N° RG 23/00701 – N° Portalis DBVK-V-B7H-PWXW
Décision déférée à la Cour :
Jugement du 16 JANVIER 2023
TRIBUNAL DE COMMERCE DE BÉZIERS
N° RG 2021 004089
APPELANTE :
S.A.R.L. LA RIVIERE prise en la personne de son représentant légal
[Adresse 9]
Camping [8]
[Localité 4]
Représentée par Me Emilie TURCAN, avocat au barreau de MONTPELLIER substituant Me Jean Marc NGUYEN-PHUNG de la SELARL SELARL PHUNG 3P, avocat au barreau de MONTPELLIER
INTIMEES :
S.A.S.U. CAMPING ASSUR CONSEIL prise en la personne de son représentant légal en exercice
[Adresse 2]
[Adresse 2]
[Localité 3]
Représentée par Me Lola JULIE, avocat au barreau de MONTPELLIER substituant Me Alexandre SALVIGNOL de la SARL SALVIGNOL ET ASSOCIES, avocat au barreau de MONTPELLIER, avocat postulant
Représentée par Me Guillaume DESMUR, avocat au barreau de MARSEILLE, substituant Me Alain DE ANGELIS, avocat au barreau de MARSEILLE, avocat plaidant
SAS LES ASSUREURS CONSEILS DE L’ENTREPRISE prise en la personne de son représentant légal
[Adresse 6]
[Adresse 6]
[Localité 1]
Représentée par Me Rebecca SMITH, avocat au barreau de BEZIERS substituant Me Yannick CAMBON de la SELARL ELEOM BEZIERS-SETE, avocat au barreau de BEZIERS, avocat postulant
Représentée par Me Marly TOURE, avocat au barreau de PARIS, avocat plaidant
Ordonnance de clôture du 17 Septembre 2024
COMPOSITION DE LA COUR :
En application des dispositions des articles 805 et 907 du code de procédure civile, l’affaire a été débattue le 08 Octobre 2024,en audience publique, les avocats ne s’y étant pas opposés, devant Mme Danielle DEMONT, présidente de chambre et M. Fabrice VETU, conseiller chargé du rapport.
Ces magistrats ont rendu compte des plaidoiries dans le délibéré de la cour, composée de :
Mme Danielle DEMONT, présidente de chambre
M. Thibault GRAFFIN, conseiller
M. Fabrice VETU, conseiller
Greffier lors des débats : Mme Audrey VALERO
ARRET :
— Contradictoire ;
— prononcé par mise à disposition de l’arrêt au greffe de la cour, initialement prévue au 19 novembre 2024 et prorogée au 3 décembre 2024, les parties en ayant été préalablement avisées dans les conditions prévues au deuxième alinéa de l’article 450 du code de procédure civile ;
— signé par Mme Danielle DEMONT, présidente de chambre, et par Mme Audrey VALERO, greffière.
EXPOSE DES FAITS ET DE LA PROCÉDURE :
Par acte sous seing privé du 11 juillet 2018, la SARL La Rivière, exploitant un fonds de commerce sous l’enseigne «'Camping [5]'», a souscrit le 11 juillet 2018 auprès de la société Groupama un contrat d’assurance multirisques professionnel et responsabilité civile entreprise (n°50773011X001) par l’intermédiaire de deux sociétés de courtage, la SASU Camping Assur Conseil commercialisant le contrat d’assurance et la SAS Les Assureurs Conseils de L’Entreprise (la SAS ACE), laquelle procède à l’élaboration dudit contrat.
Aux termes du contrat prenant effet au 02 juillet 2018, la société La Rivière a déclaré, au titre des capitaux, 15 unités de logements de mobil-homes assurés pour une valeur de 147'528 euros.
Au début de l’année 2020, la société La Rivière a informé ses courtiers qu’elle venait de faire l’acquisition d’un nouveau terrain de 3'083 m2, un hangar de 190,76 m2 et de nouveaux mobil-homes portant ainsi le parc à assurer au nombre de 31 unités.

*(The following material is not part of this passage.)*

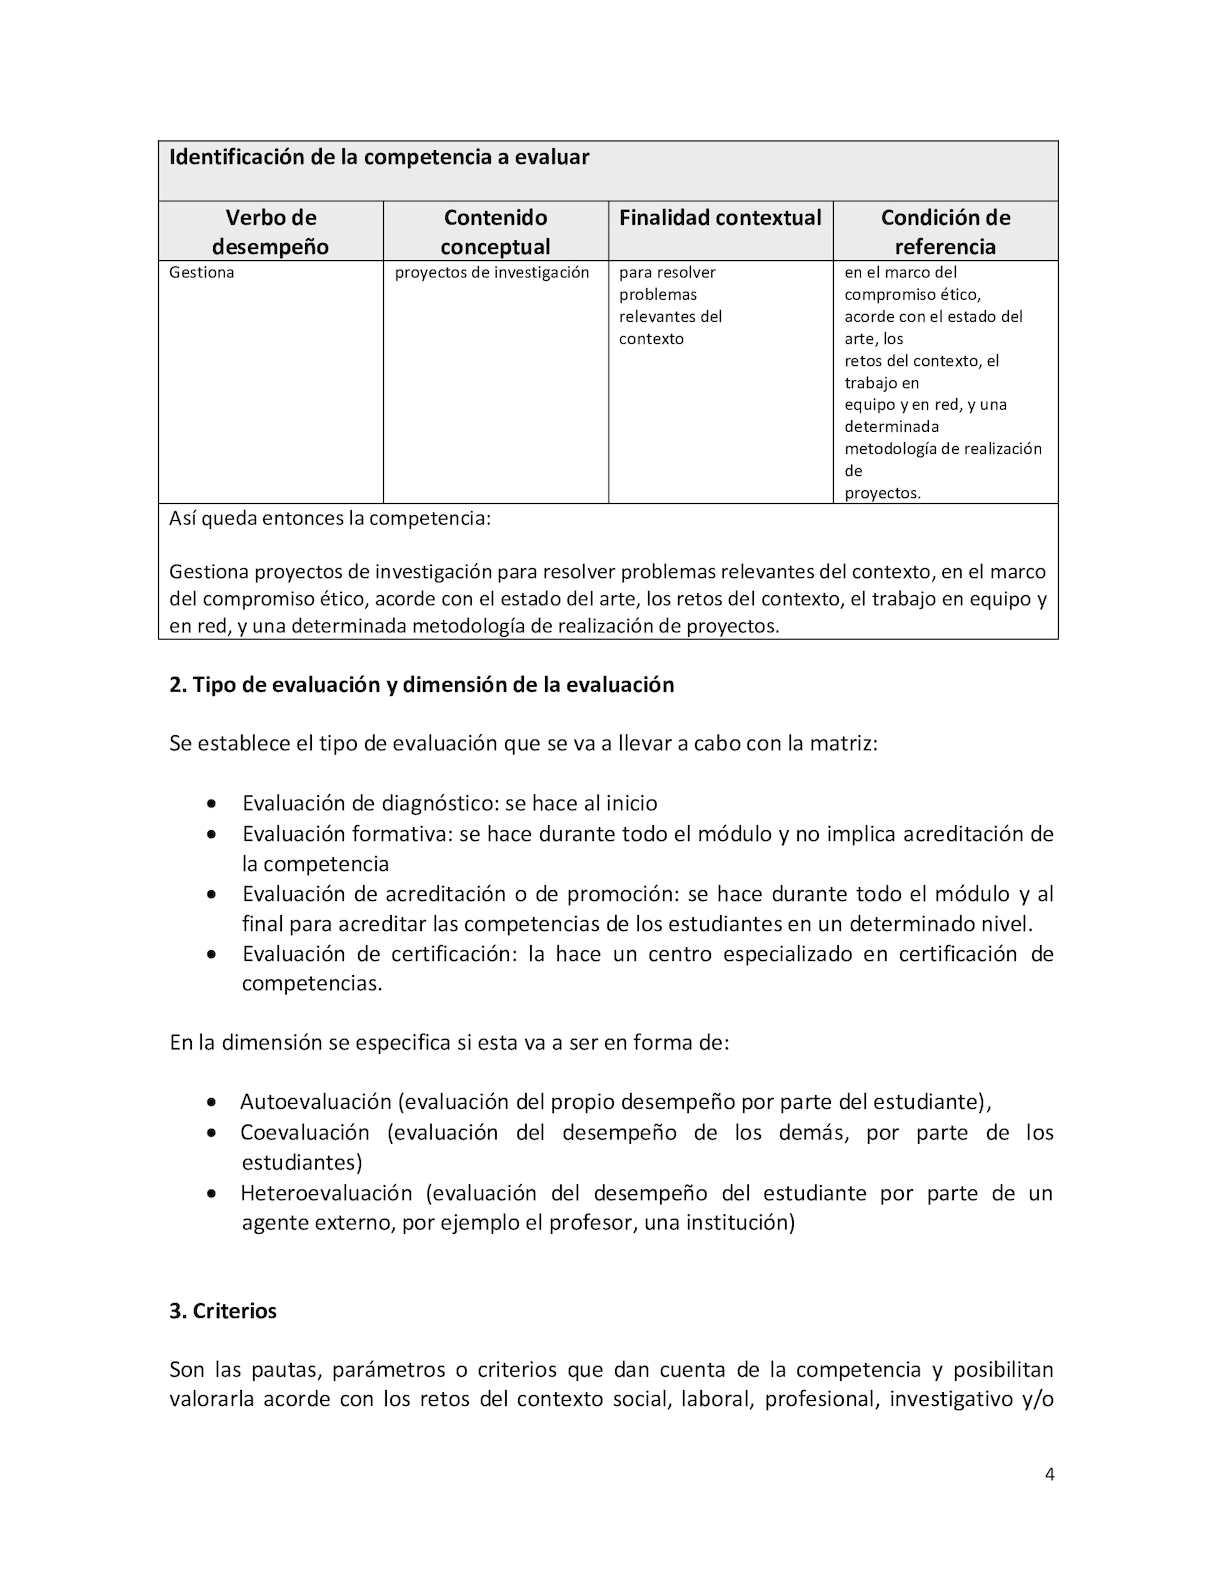 Minedu Matrices De Evaluacion Tobon - CALAMEO Downloader
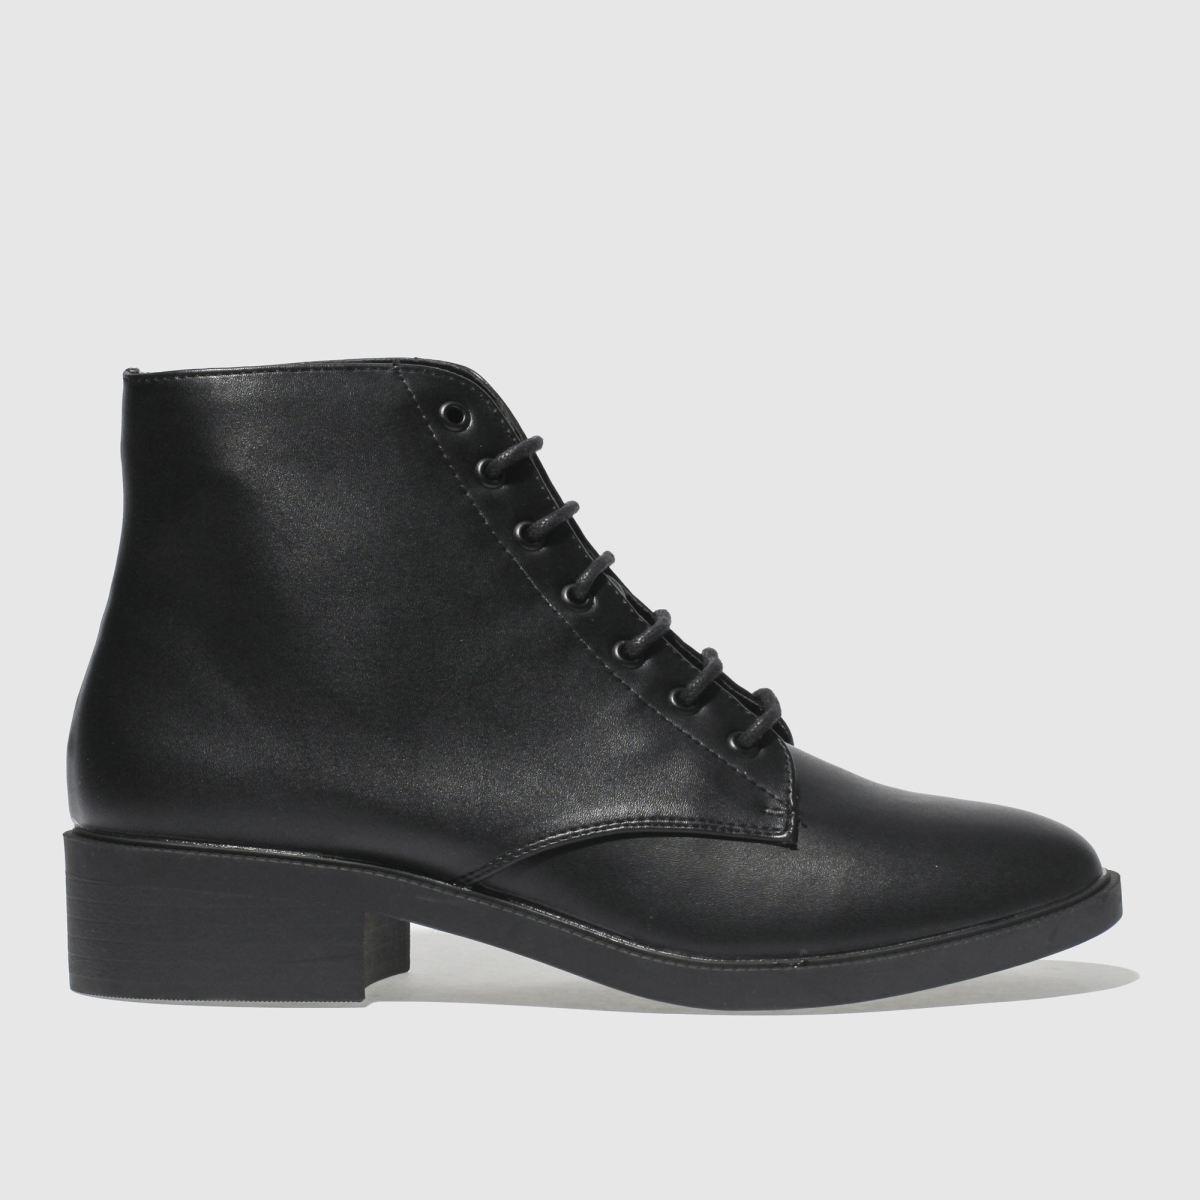 Schuh Black Arizona Boots

Le 9 mars 2020, la société La Rivière a complété un nouveau questionnaire afin de faire réévaluer ses garanties d’assurance.
Le 13 mars 2020, le questionnaire a été réceptionné par la société Camping Assur Conseil.
Le 12 juin 2020, le Camping [5] a fait l’objet d’un sinistre, à savoir une inondation classée en catastrophe naturelle qui a détruit la quasi-totalité du camping.
La société La Rivière a réclamé à plusieurs reprises les nouveaux avenants de son assurance multirisques professionnels à la suite de sa demande de modification transmise en mars 2020.
Par courriel du mois d’août 2020 et par lettre recommandée avec accusé de réception du 15 septembre 2020, les nouveaux avenants lui ont été adressés, datés du 18 juin 2020, avec effet rétroactif au 1er janvier et 20 mars 2020.
La société La Rivière a refusé de ratifier ces avenants aux motifs de la date des avenants, du montant de la réévaluation proposée s’élevant à 182'000 euros et d’une erreur sur le nombre de mobil-homes.
Une expertise a été déclenchée par la société Groupama, confiée au cabinet Polyexpert, afin de déterminer le montant des dommages subis. Parallèlement, la société La Rivière a mandaté son propre expert, la SARL Silene.
Par lettre du 7 septembre 2021, l’expert mandaté par la société La Rivière chiffrait les préjudices subis par cette dernière à la somme de 1'115'249 euros dont 464'438 euros pour les mobil- homes.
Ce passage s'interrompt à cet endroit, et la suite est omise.